Happy 10th Birthday, Half-Life!

by Joey deVilla on November 20, 2008

half-life_gordon_freeman

It’s hard to believe, but it’s been ten years since the release of the original Half-Life game. In honour of this event, GameSpy has published the Half-Life 10th Anniversary Interview with Valve Software’s writer –in-residence Marc Laidlaw.

If they ever decided to make a movie based on the game – probably not a good idea, since there hasn’t been a good movie based on any videogame, but I always hold out hope – I think Hugh “House M.D.” Laurie would make a great Gordon Freeman:

half-life_hugh_laurie

{ 9 comments… read them below or add one }

1 marktucks November 20, 2008 at 6:16 pm

I contest – I personally think Hitman’s a good film. Doom was good right at the beginning when the Universal world logo was actually Mars and it zoomed right in. But then the story started and it was all a down hill train wreck violently colliding with the first person mode at the end.

Hugh Laurie would make a great Gordon Freeman, if Gordon Freeman had a really bad American accent. But yea, he does look similar.

2 August Lilleaas November 21, 2008 at 6:35 am

A movie where Freeman talks? We can’t have that.

3 Paul C November 21, 2008 at 11:59 am

Hugh Laurie’s nearly fifty – too old for Gordon Freeman; several characters in the Half Life games have made references to him being young for the kind of work he’s doing, and I’m pretty sure there’s official mentions of his age being early-30s.

And if I was (somehow) at the helm of a Half Life film, the first person to speak would be Freeman, to get that out of the way. You can’t have a movie (at least, not an effective one) where the main character doesn’t speak. In the game, you are Gordon Freeman; personally, when I’m playing Half Life, I speak to the NPCs in Gordon’s place.

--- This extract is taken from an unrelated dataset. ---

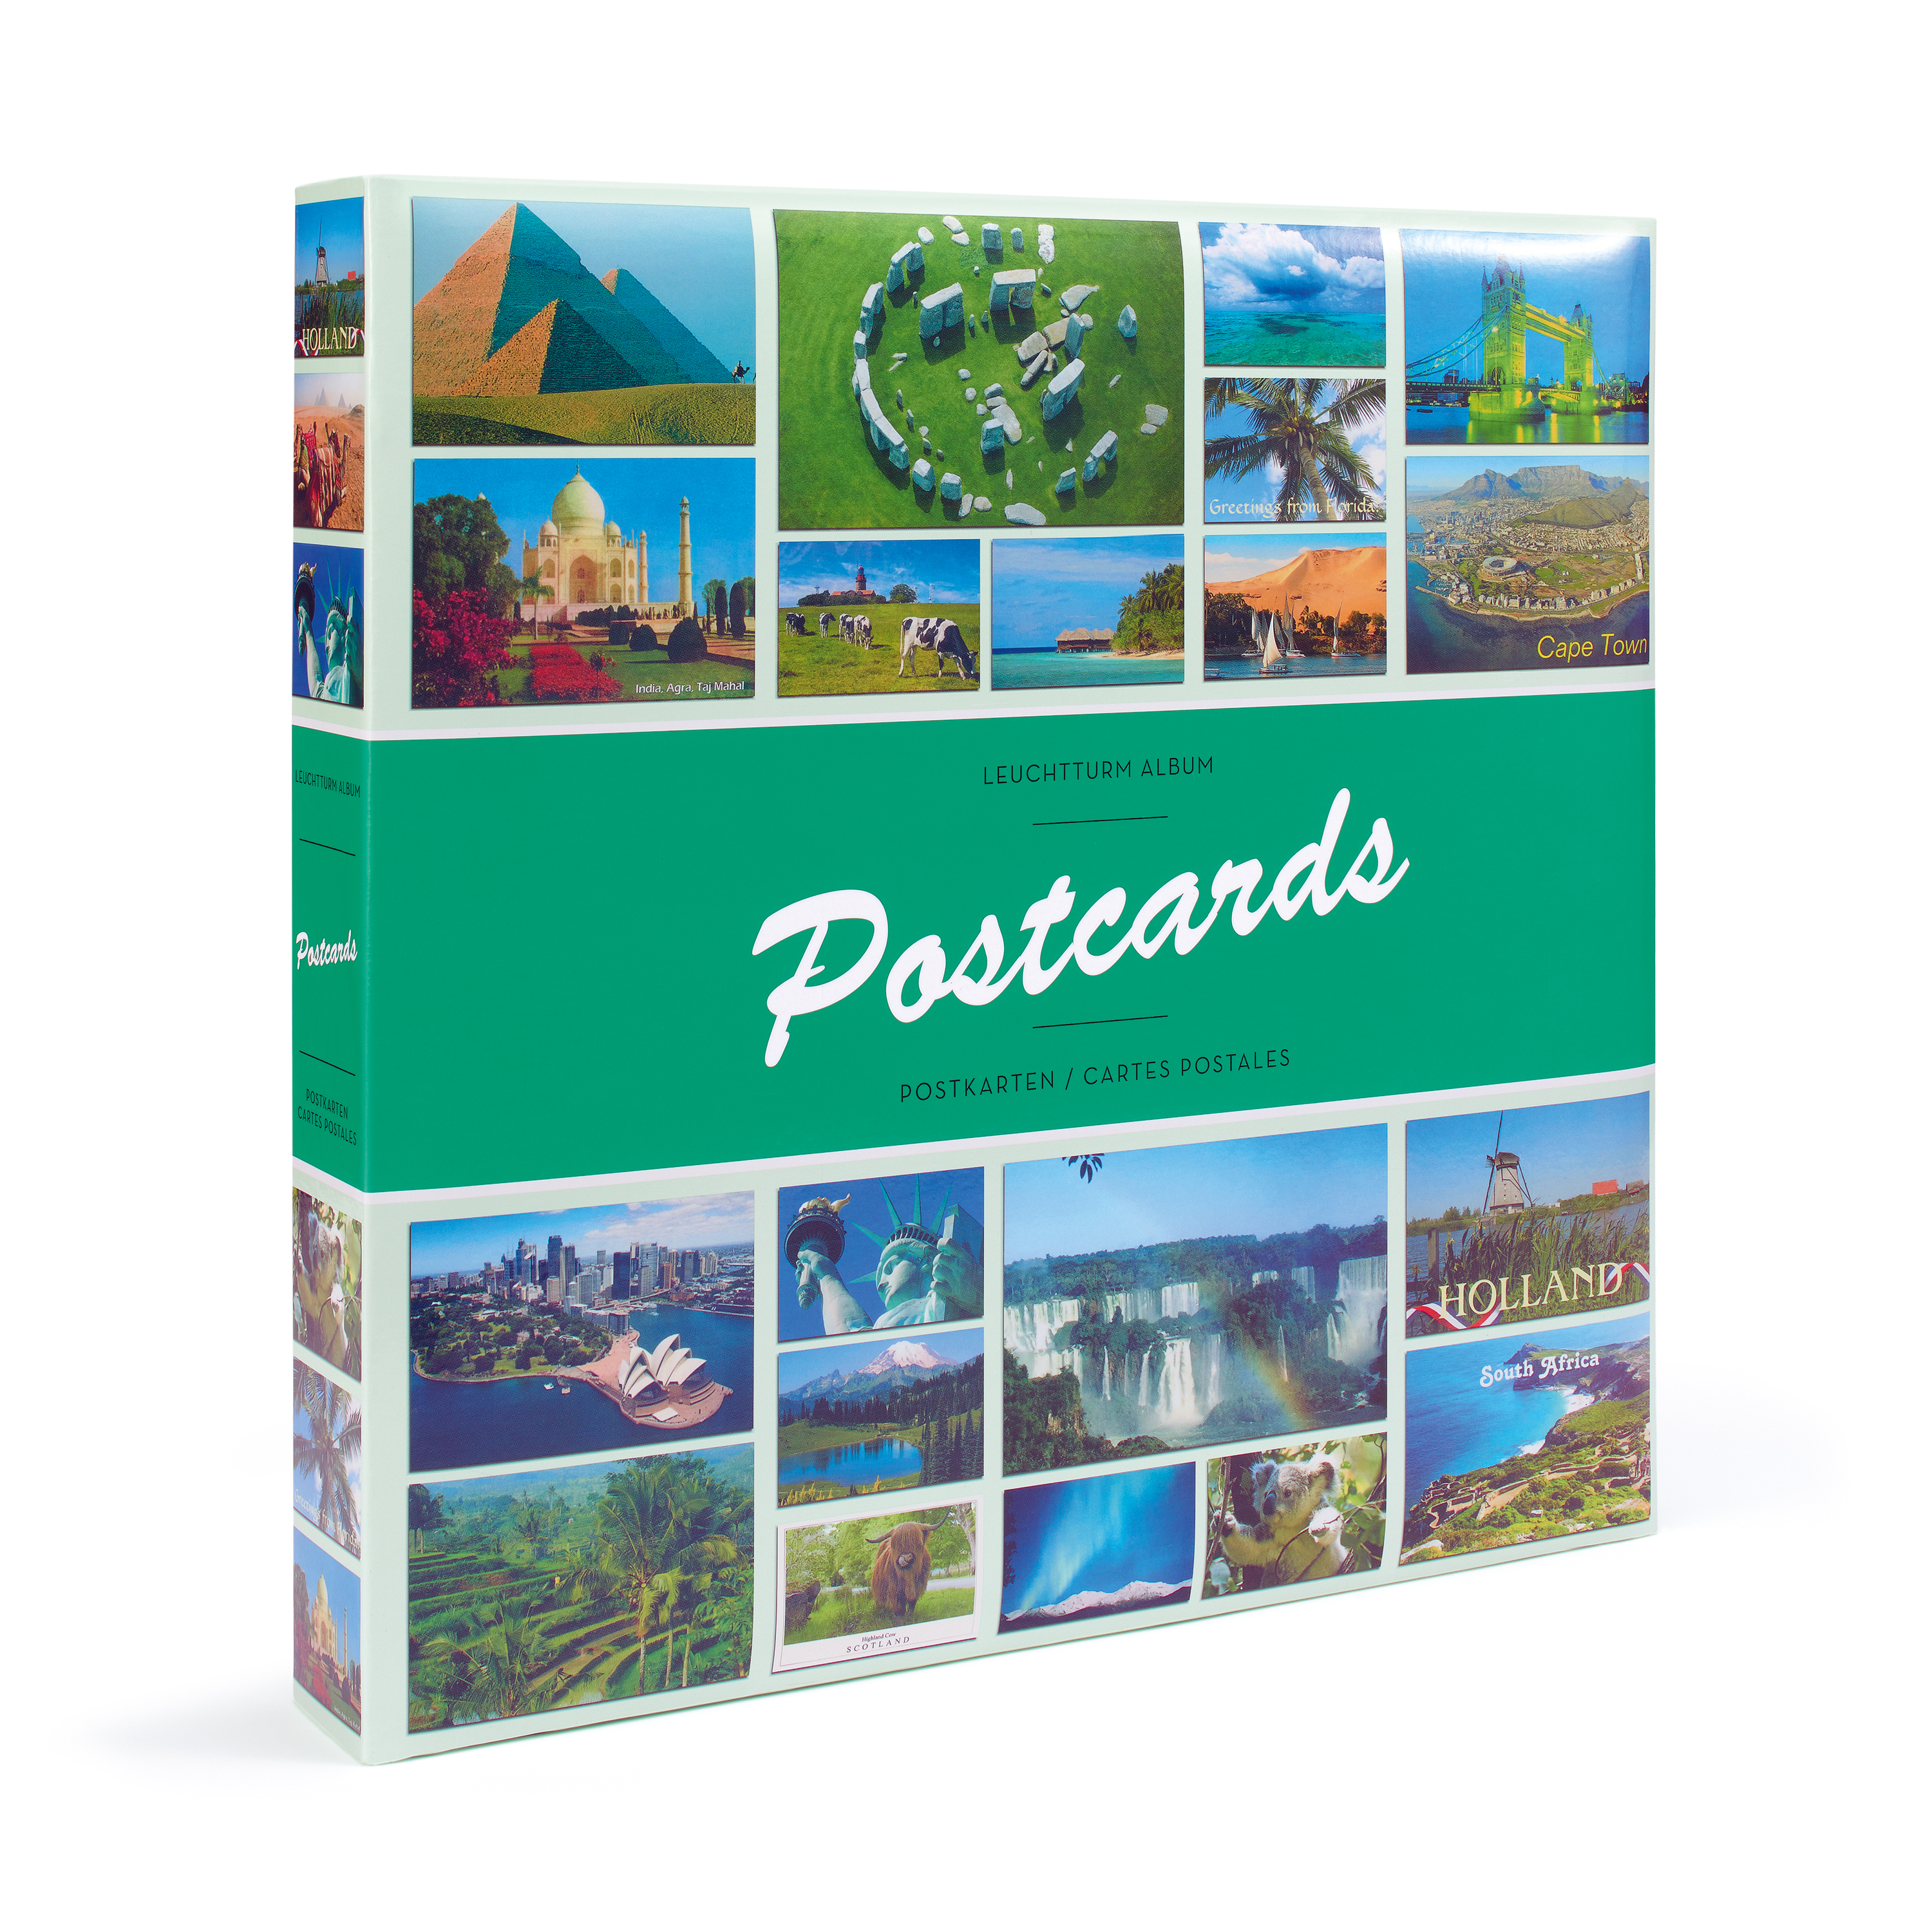 Album POSTKARTEN pour 600 cartes postales, avec 50 feuilles relliées online

4 Joey deVilla November 21, 2008 at 12:54 pm

@Paul C: If the movie has to remain true to every last detail in the game, then yes, Hugh Laurie is too old. However, I think that it’s all right to use some artistic licence and take some liberties with minor details like Freeman’s age.

In my dream videogame-based movie — Dig Dug, starring Jackie Chan in the title role — you can bet I’d be taking all sorts of creative liberties.

5 Ryan Waddell November 21, 2008 at 1:38 pm

I disagree – there’s been a handful of not-horrible video game movies:

– Resident Evil
– Tomb Raider (ok, it wasn’t great, but it wasn’t a Uwe Boll massacre either)
– Max Payne was actually not bad as well.

Hrmm, ok so there aren’t that many. But come on… How can you deny the awesomeness of the Street Fighter movie, and the Super Mario Brothers movie?

6 Rudy November 18, 2009 at 2:45 am

Happy Elevnth Birthday half-life, its 2009 and i plan on staying aboard the half-life saga until a giant rock hits the earth and crashes my computer.

7 nicklang319 February 12, 2011 at 2:11 am

final fantasy was a good animated film, and I thought the silent hill film was ok, other then that most game to movies suck

8 farresto July 16, 2011 at 2:01 pm

Hugh Laurie is not a bad idea at ALL. It doesn’t really matter if a bit older.

Another option for me would be Gary Oldman.

9 DS July 9, 2012 at 7:52 pm

Guys, are you kidding? Max Payne? Tomb Raider? These are awful movies in the grand scheme of things. Half Life needs to be a MASTERPIECE of science-fiction film, just as it was a masterpiece of gaming, changing the entire direction of games.

Hugh Laurie? Gary Oldman?? These men are terrible choices. Hugh Laurie would be laughable as our man Gordon. He IS too old and there’s no way he’ll be able to pull off the quiet desperation that we need for Gordon. The dude’s too funny and has too much attitude. Gary Oldman, while I do think he’s a great actor, doesn’t fit either, physically or emotionally.

I thought Clive Owen was great in Children of Men, so he might be a good choice. Maybe Guy Pierce from Memento. But in the end I think we need some unknown talent, someone the audience does not immediately associate with an image, because we need to be able to project ourselves into Gordon Freeman. That’s why he doesn’t say anything, and why we rarely even see him. He’s just an empty vessel that all this crazy sh*t happens to. Of course, for film’s sake, he’ll need a real character, but he should still project that sense somewhat.